6. There has been a 10% drop in the proportion of SEND pupils in state funded secondary schools between 2010 and 2019, with a corresponding rise in state special schools, independent schools, and home-schooling (DfE 2019 data, gov.uk).
7. After P-levels, there are ‘extremely limited options for assessing…unless you write your own criteria…’ (b-squared webinar, 2020).
Wouldn’t it be amazing if, just in time for this pandemic-infused world, with huge disruptions to learning, fundamental questions about the systems we currently use, and fears about a ‘lost generation’, someone had created a system that is ten years ahead, technically future proof, works with any system in the world, avoids deficit models of the learner, and firmly takes hold of the hands (metaphorically, obviously) or the team around the child and says: ‘Relax, here is a plan’?

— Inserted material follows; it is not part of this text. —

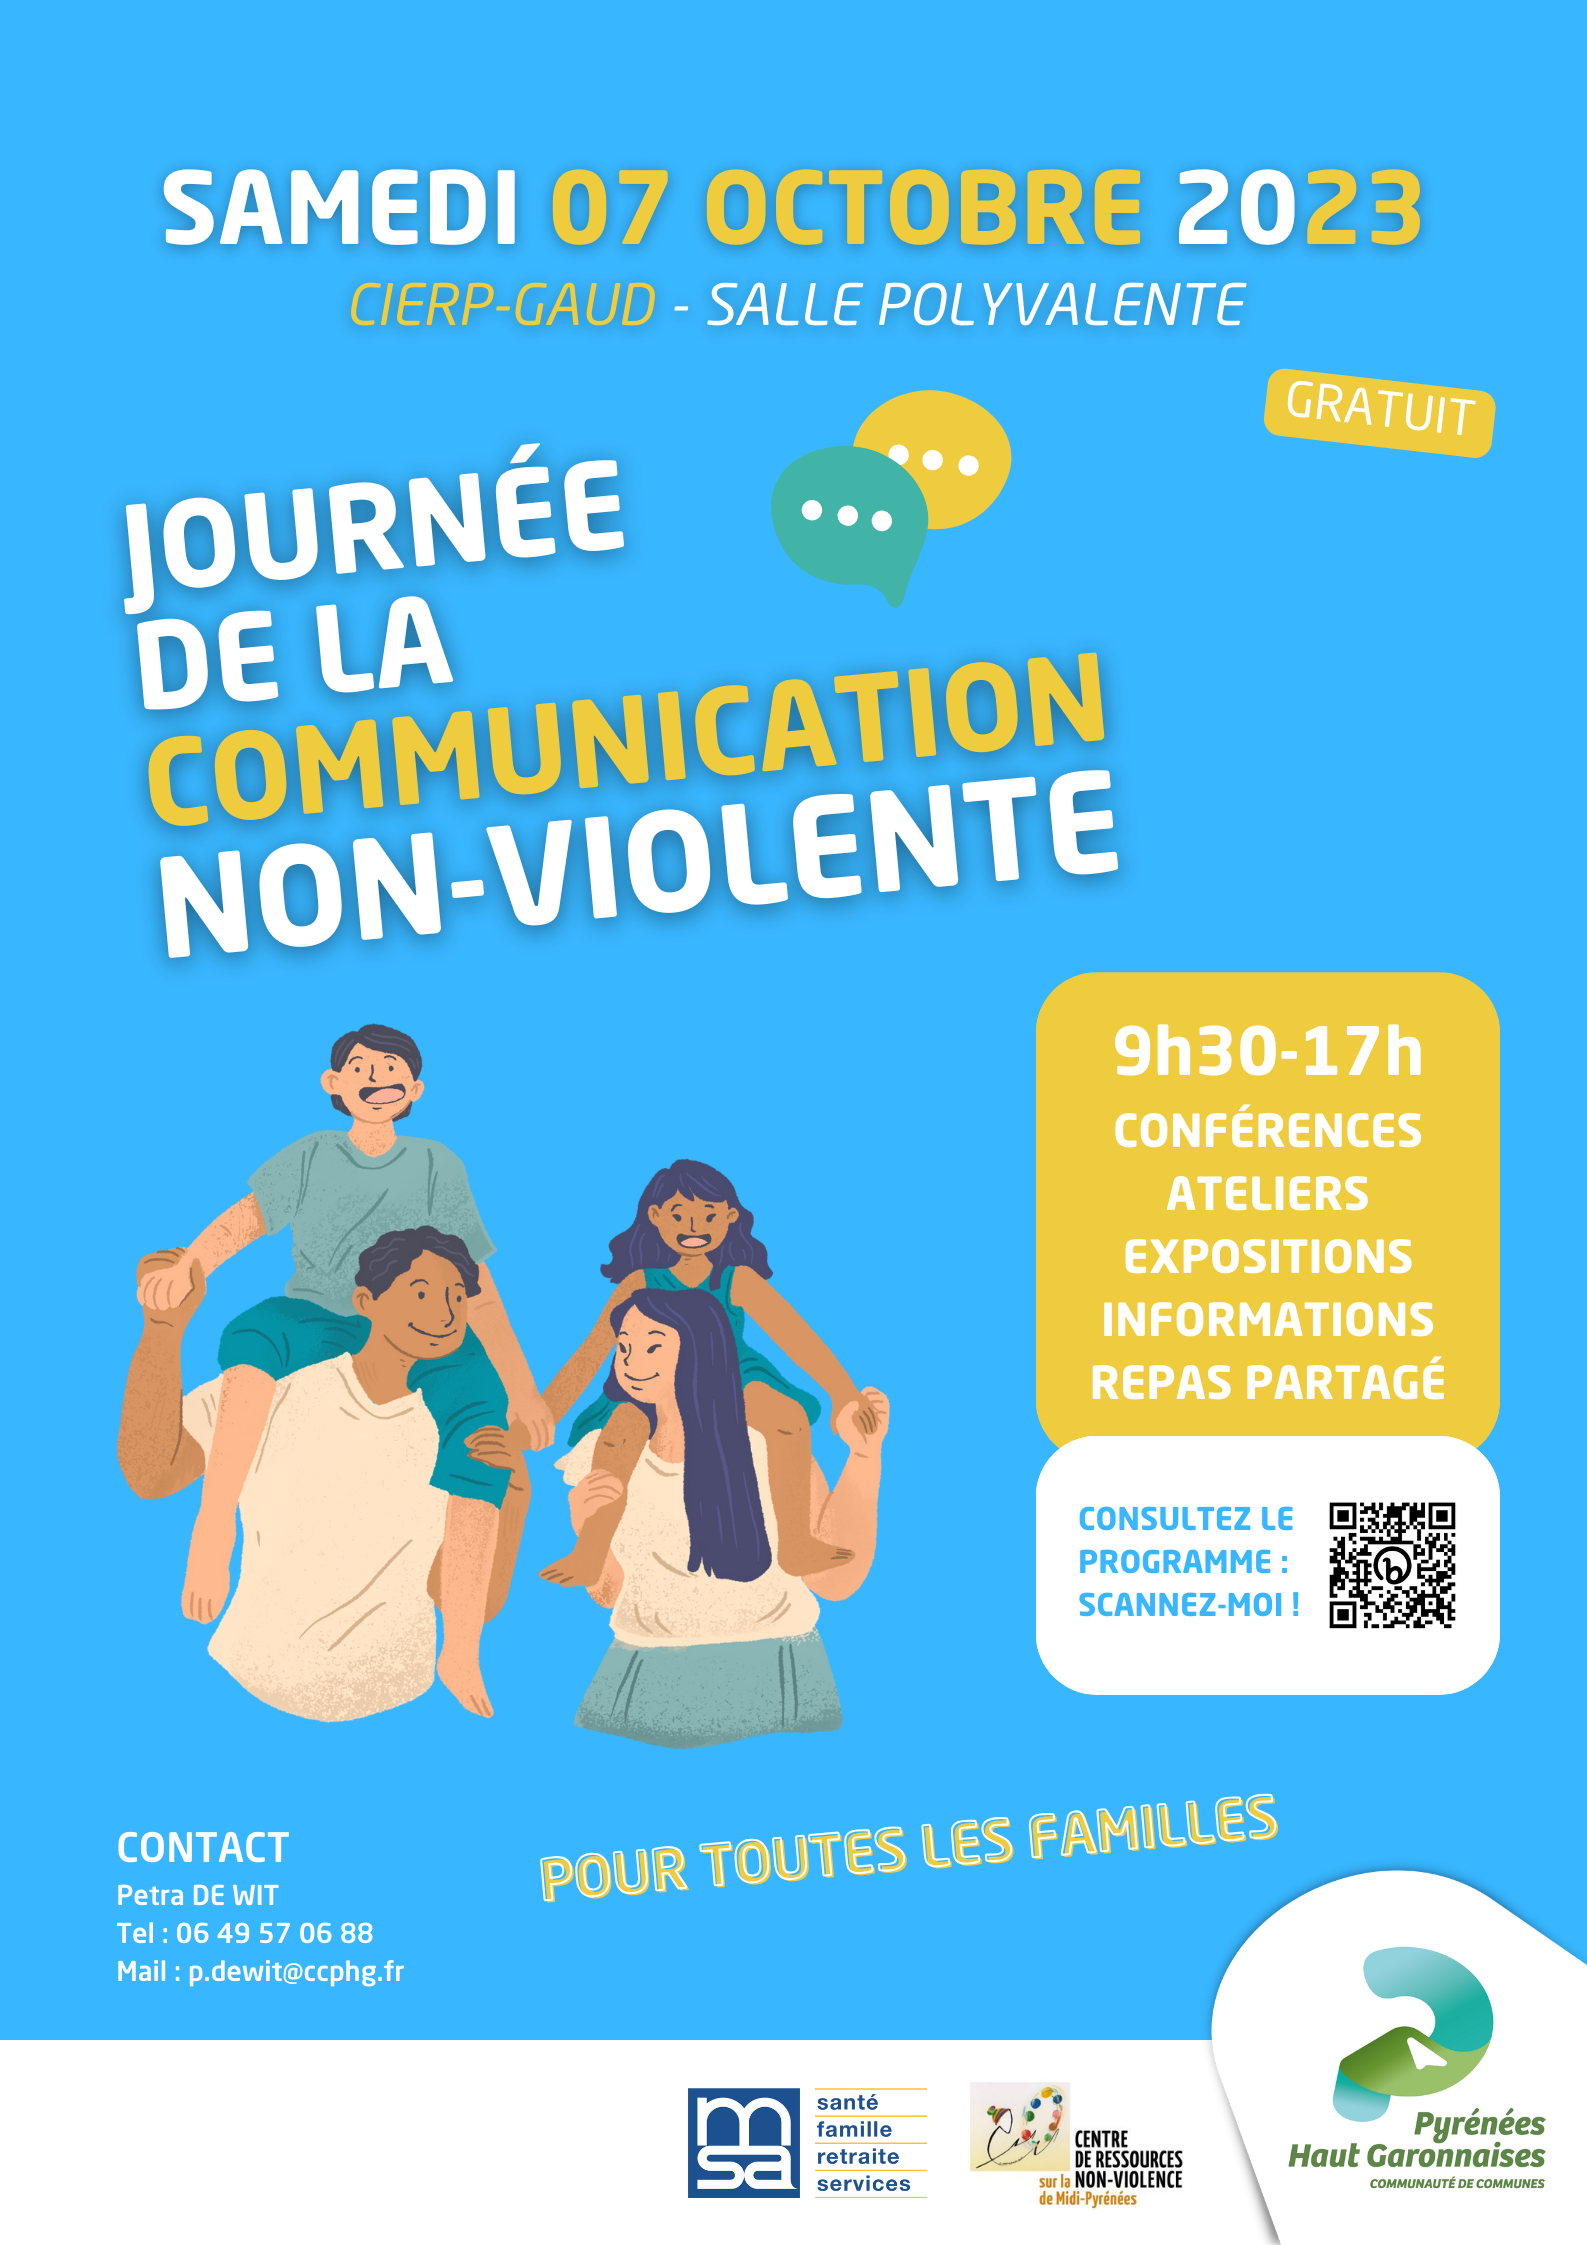 JOURNÉE DE LA COMMUNICATION NON-VIOLENTE SAMEDI 7 OCTOBRE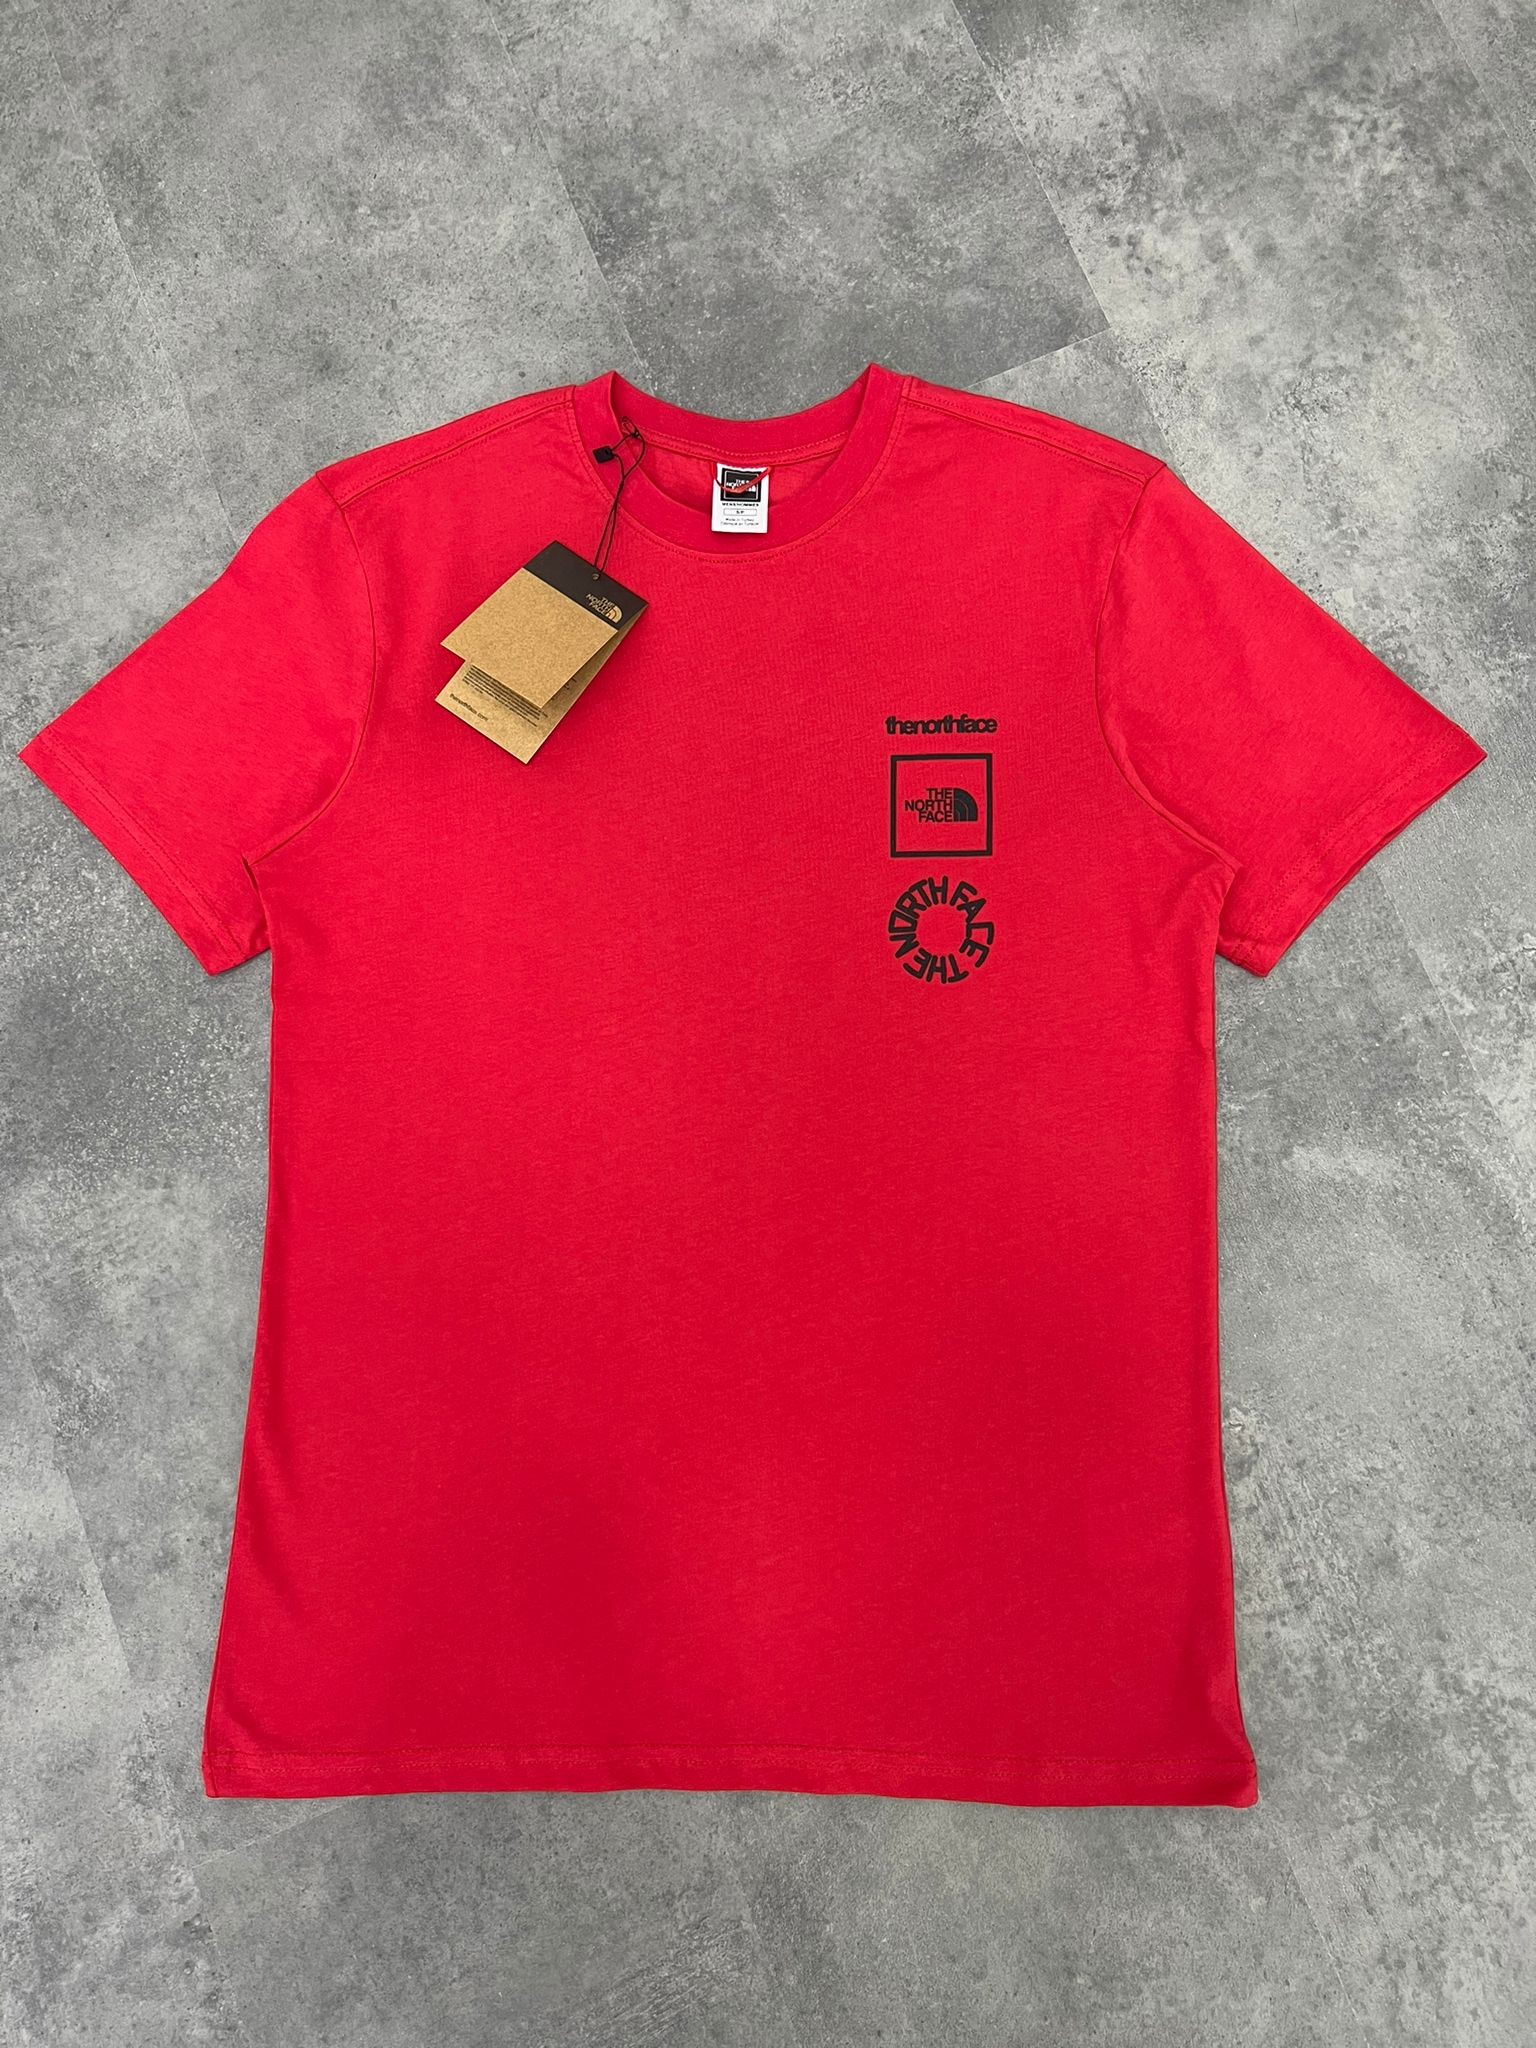 Yeni Sezon Geometrical Shapes Print Red T-shirt

Which is exactly what the people at PAGS® have done. Specifically, PAGS®:
1. Picks up on every developmental delay and gap that other systems miss.
2. Works with complexity, comorbidities, and breadth by producing a holistic map of the individual.
3. Gives experts, teachers, parents, and carers a shared language to plan the best way forward together.
4. Works consistently with the learner wherever their learning takes place – copes with all blended learning curricula.
5. Gives the best exercises, tasks, ideas and links to resources in order to meet the goals agreed.
6. Will support transitions from school to school or other setting, EHCP processes, special, mainstream and home.
7. Saves you huge chunks of time by avoiding the need to bring together multiple assessments, or writing your own, and tracking and collating all the evidence of progress for each learning safely online.
So this is where my strange career has taken me: telling the world that amongst the fears and anxieties we all have, there are solutions being found. And I have one of them.